Michael Dell’s proposed $24.4 billion deal to take his company private marks an audacious bid to use his immense fortune to rescue the personal computer maker he founded three decades ago in his college dormitory room.
If approved by shareholders, the deal would be the largest buyout since the financial crisis, and the largest tech buyout ever.
Yet even with Microsoft and Silver Lake Partners at his side, Dell now faces the complicated task of trying to make Dell relevant again in the face of growing competition from mobile computing.
Dell said on Monday that going private would give the company the “time, investment and patience” needed to execute its turnaround.
However, no member of Dell’s consortium offered details of the strategy, or specifics on how being private would benefit the company.
Given Dell’s role in financing the transaction – he will provide roughly $4.5billion in shares and cash, according to people familiar with the deal – financial executives said they doubted the offer heralded another round of big buyouts.
Competitors were also quick to pour cold water on the deal.
“Dell has a very tough road ahead,” Hewlett-Packard said in an unusual statement issued shortly after the deal was announced. “The company faces an extended period of uncertainty and transition that will not be good for its customers.”
The price of $13.65 per share represented a 25 per cent premium to the stock’s share price before news of the deal leaked last month. But it is far below the 52-week high of $18.36, and more than 76 per cent off its all-time high.
Apart from Dell’s commitment to the transaction of about $4.5 billion, Silver Lake will add about $1 billion in equity, people familiar with the matter said. Microsoft is offering $2 billion in subordinated debt. Some existing debt was being rolled over, and four banks were arranging another $15billion in new debt.
Dell acquisitions
Dell has made more than two dozen acquisitions, mainly in software and services, since Michael Dell reassumed the chief executive position in 2007. It is hoping these will help it diversify and reduce its dependence on PCs.

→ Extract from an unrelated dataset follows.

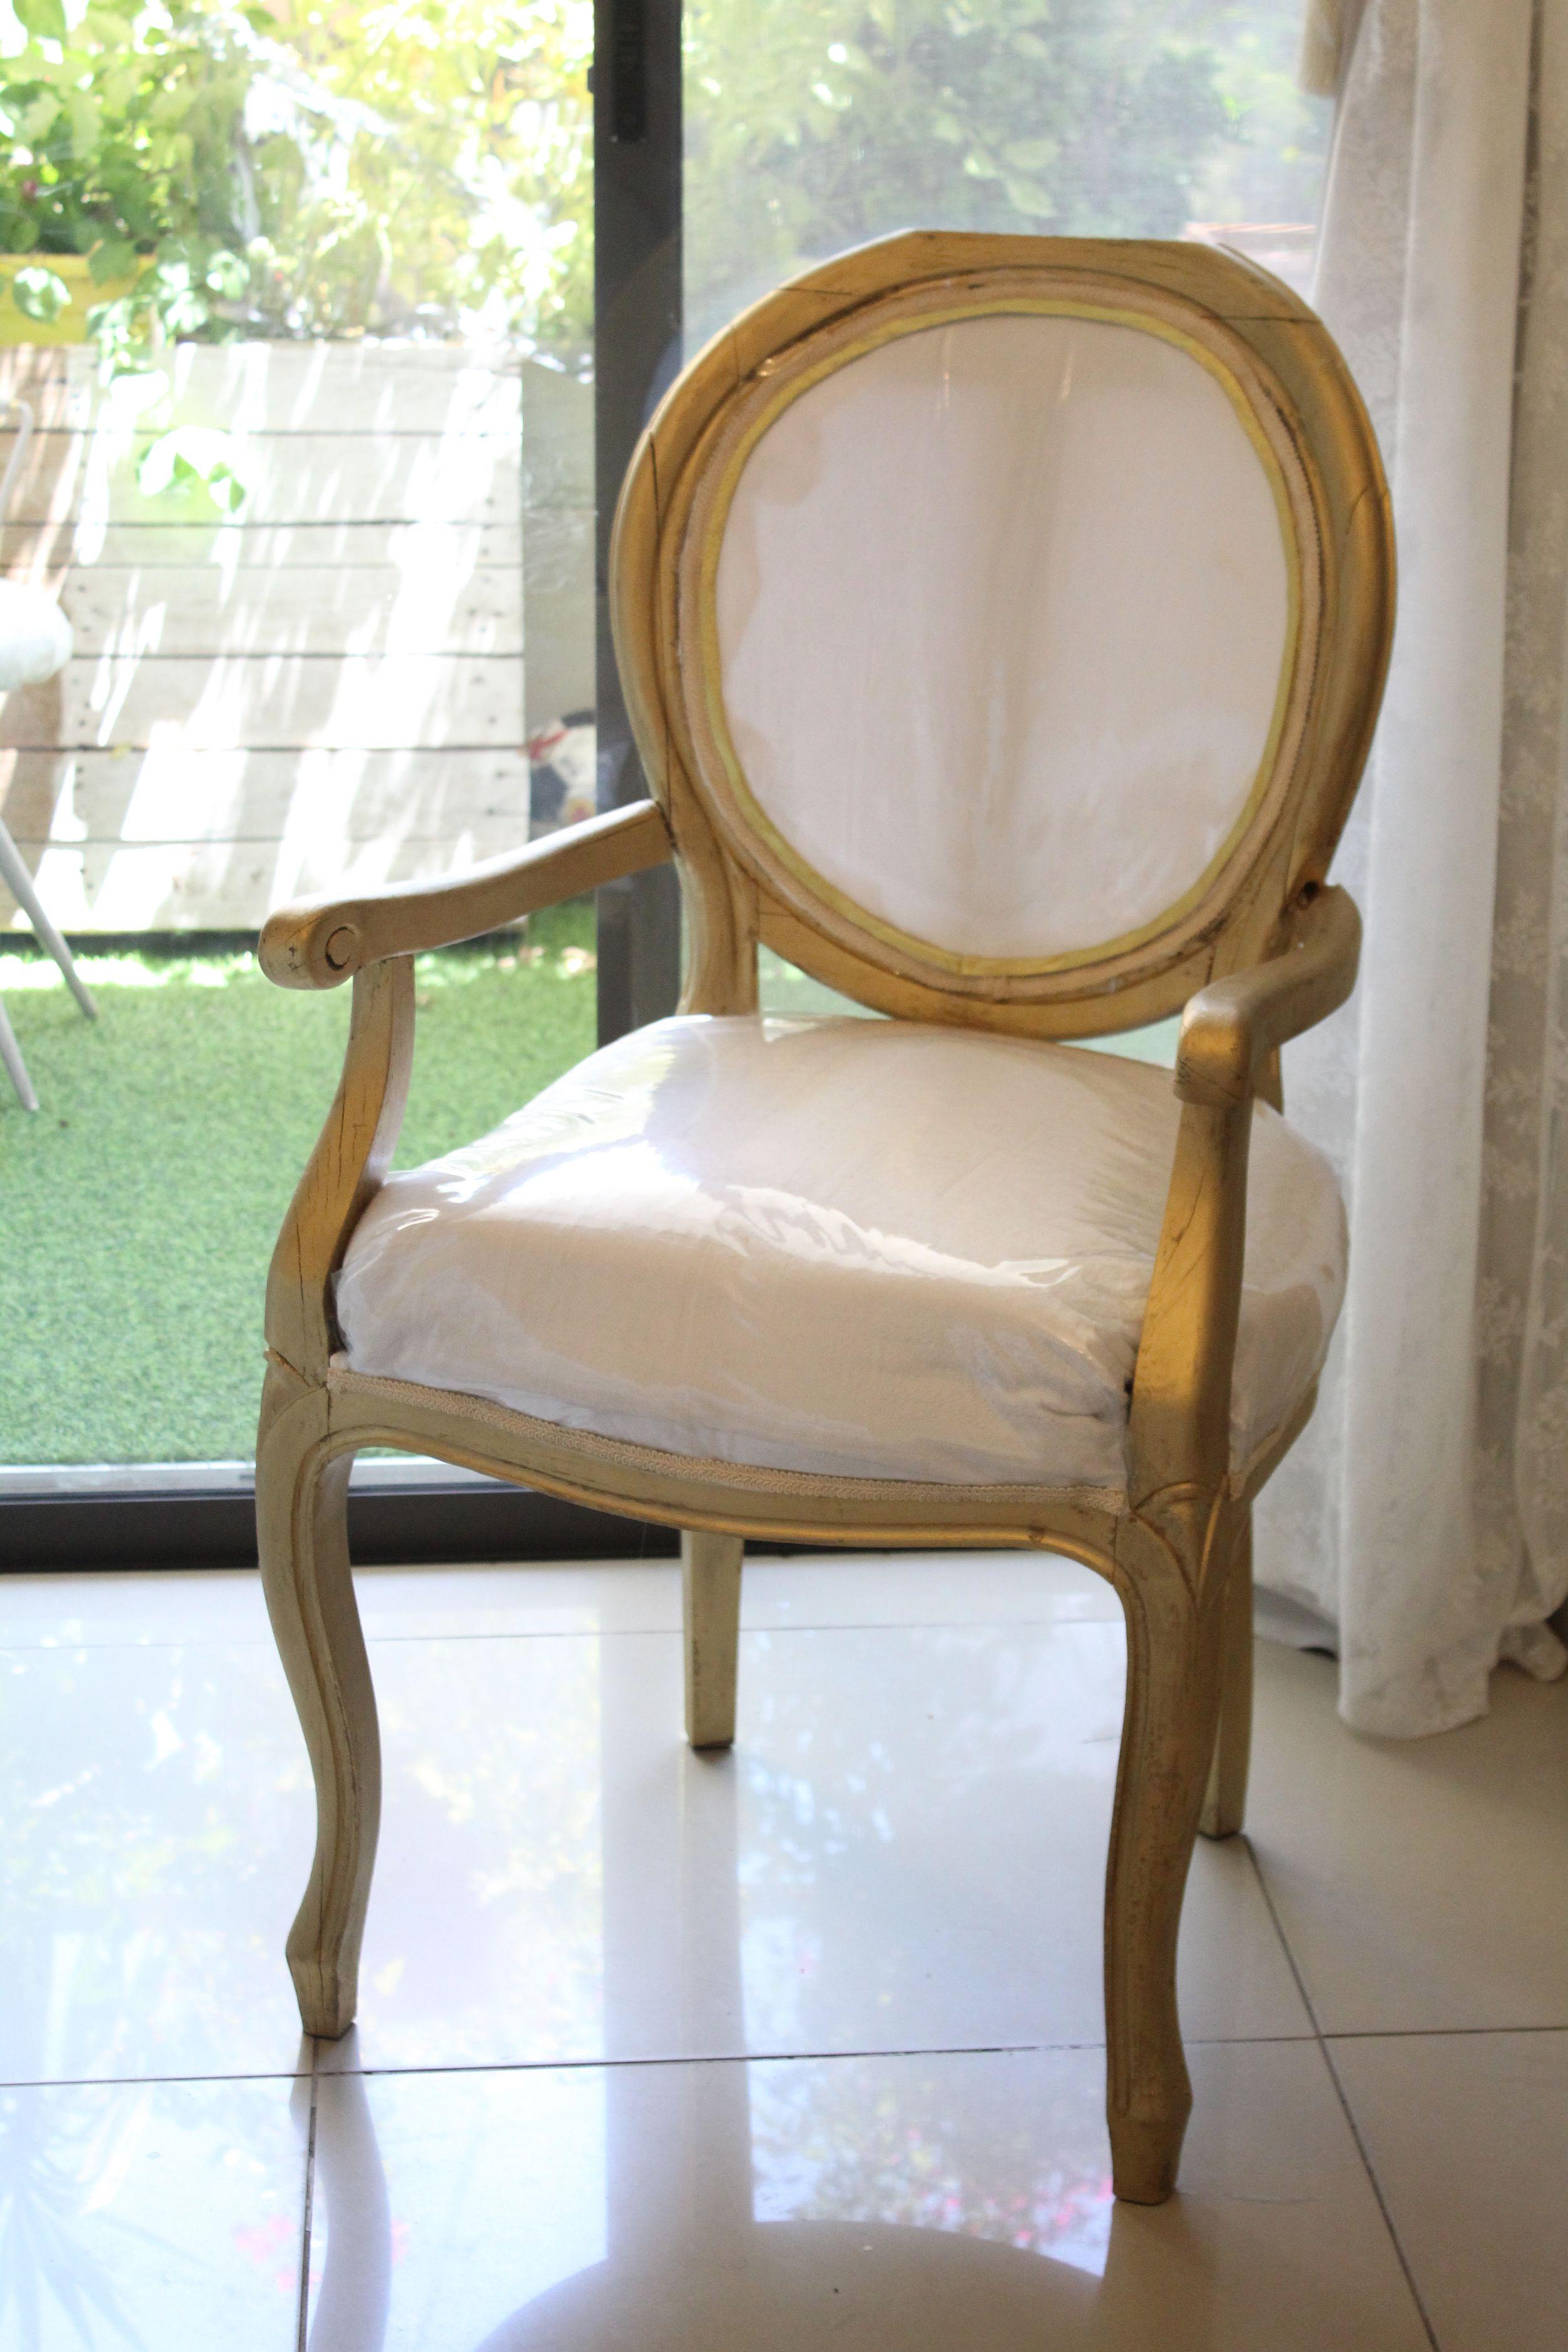 IMG 4205 - חידוש כסא עתיק

In 2012 it bought eight such companies, including the $2.4 billion acquisition of Quest, which provides IT management software.
This may be the major reason for Microsoft’s involvement in the Dell deal, said Dave Johnson, an infrastructure analyst with Forrester Research.
He predicted Dell’s investments and Microsoft’s software expertise could be blended to create more powerful and efficient offerings for storage and networking infrastructures.
“Microsoft and Dell working on that together could be a pretty powerful combination and a potential game-changer,” he said.
He was more pessimistic about the chances of Windows and its PC ecosystem retaining its share of workers’ desktops as IT departments become increasingly comfortable with tablets, in particular the iPad.
Forrester estimated IT departments spend $1,763 supporting each new PC, in addition to the initial purchase costs.